Francis goes on, later in part two, to bring this idea full circle by spending a long time talking about (and justifying) synods and the idea of discernment, which has its own lengthy explanation. On the surface, there is nothing wrong with the ideas and his challenge that we must discourse with one another and be open minded and ready to listen. The problem is that it never goes beyond pretty philosophy. The words sound good – but who gets to define what is a contradiction and a contraposition? Perhaps what I see as a moral absolute someone else will not. That’s where you step right back into the squabbling mire again, and Francis offers no help for getting out. As with everyone, he feels that he knows what is negotiable and what isn’t, but he doesn’t give any guidelines beyond what he personally feels is right or wrong and his seems to be more about political idealism (dare I say popularity) than about what’s in the Bible. It may not be – that may just be me reading between the lines because I’m skeptical of him – the issue is that while he gives us pretty definitions and grand kumbaya talks, he doesn’t get to the heart of what a contradiction and a contraposition is FOR HIM. Without that personalization and further exploration, these remain textbook thoughts. Pretty, good in theory, empty without practice.

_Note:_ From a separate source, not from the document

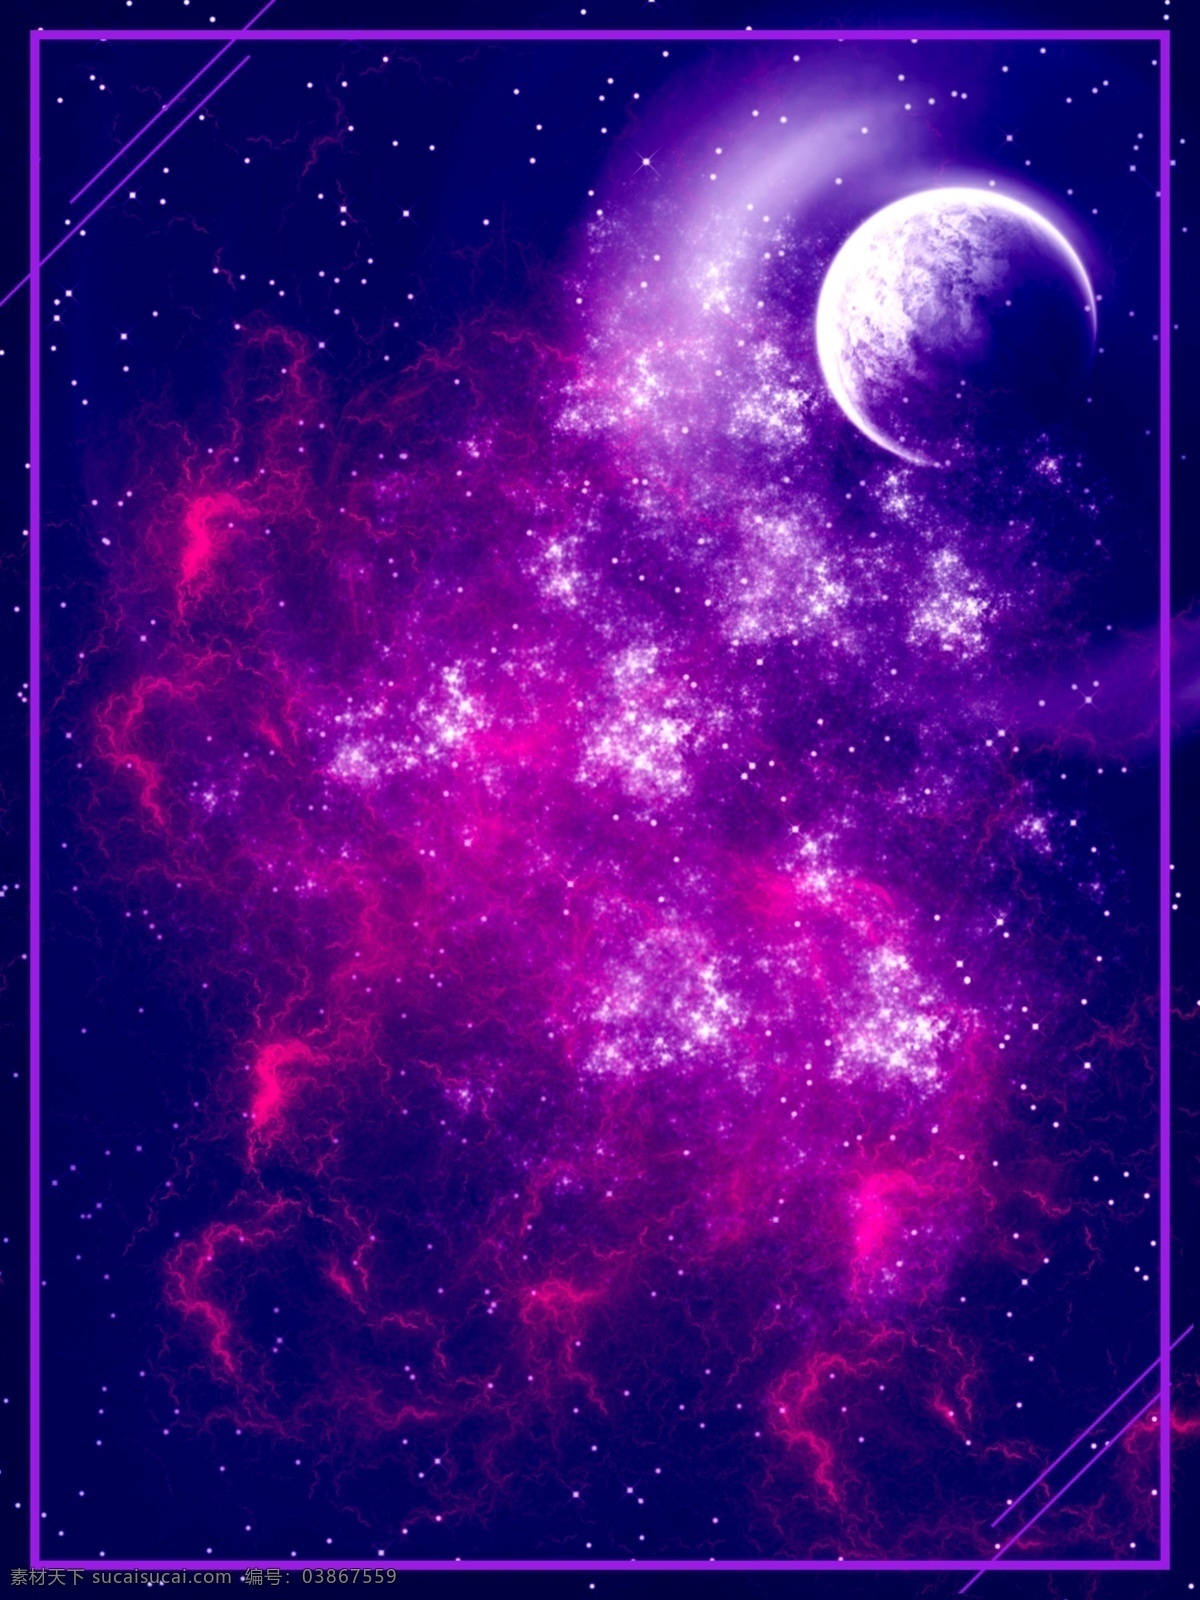 全 原创 科幻 宇宙 星空 背景 图 广告 蓝色背景 紫色背景 星星 抽象 星空背景 宇宙背景 渐变 水彩 天空 夜晚 h5背景 神秘 银河 广告背景

The blurbs for this book talk about how Pope Francis ends by giving some concrete “next steps,” and I just have to wonder if I read the same book. The entire narrative is vague, idealistic, with grand ideas about fraternity and equality and thinly veiled socialism. But practical solutions . . . blueprints . . . a game plan . . . I don’t see it. Everything sounds good on paper, like many of the ideologies Francis slams, but like those same ideologies, a practical way to ground them and keep them from becoming corrupted isn’t presented. It’s just feel-good activism without a soul – a political speech/essay that hits all the emotional high points and calls for greater humanity and togetherness, yet never actually gets down to basic tactics about how we’re supposed to make this perfect world and keep it such a paragon. How do we address evil? Pope Francis seems to say through institutions, cleverly crafted global peace, and listening to the poor and the outcast. God’s not really in the picture, and in Francis’ model, morality is just as good as whatever social system you put in place. Yet he fails to note that pretty much all of the systems in place today were started with good intentions, many backed by equally compelling and pretty sounding “come together” speeches. Good intentions are not enough. As Pope and supposedly God’s representative on earth, he should know this. If you really want to stop evil in all its forms: poverty, oppression, genocide, etc. love God and love your neighbor as yourself. Setting up a new social order won’t do any good if the heart of the people is still selfish and turned away from God. Is it not the Pope’s job, then, to affect the heart of the people instead of playing political games and fast-tracking a bestseller? It’s also not in his training or expertise to take down and set up empires. I started Let Us Dream dubious and left it with all my suspicions confirmed.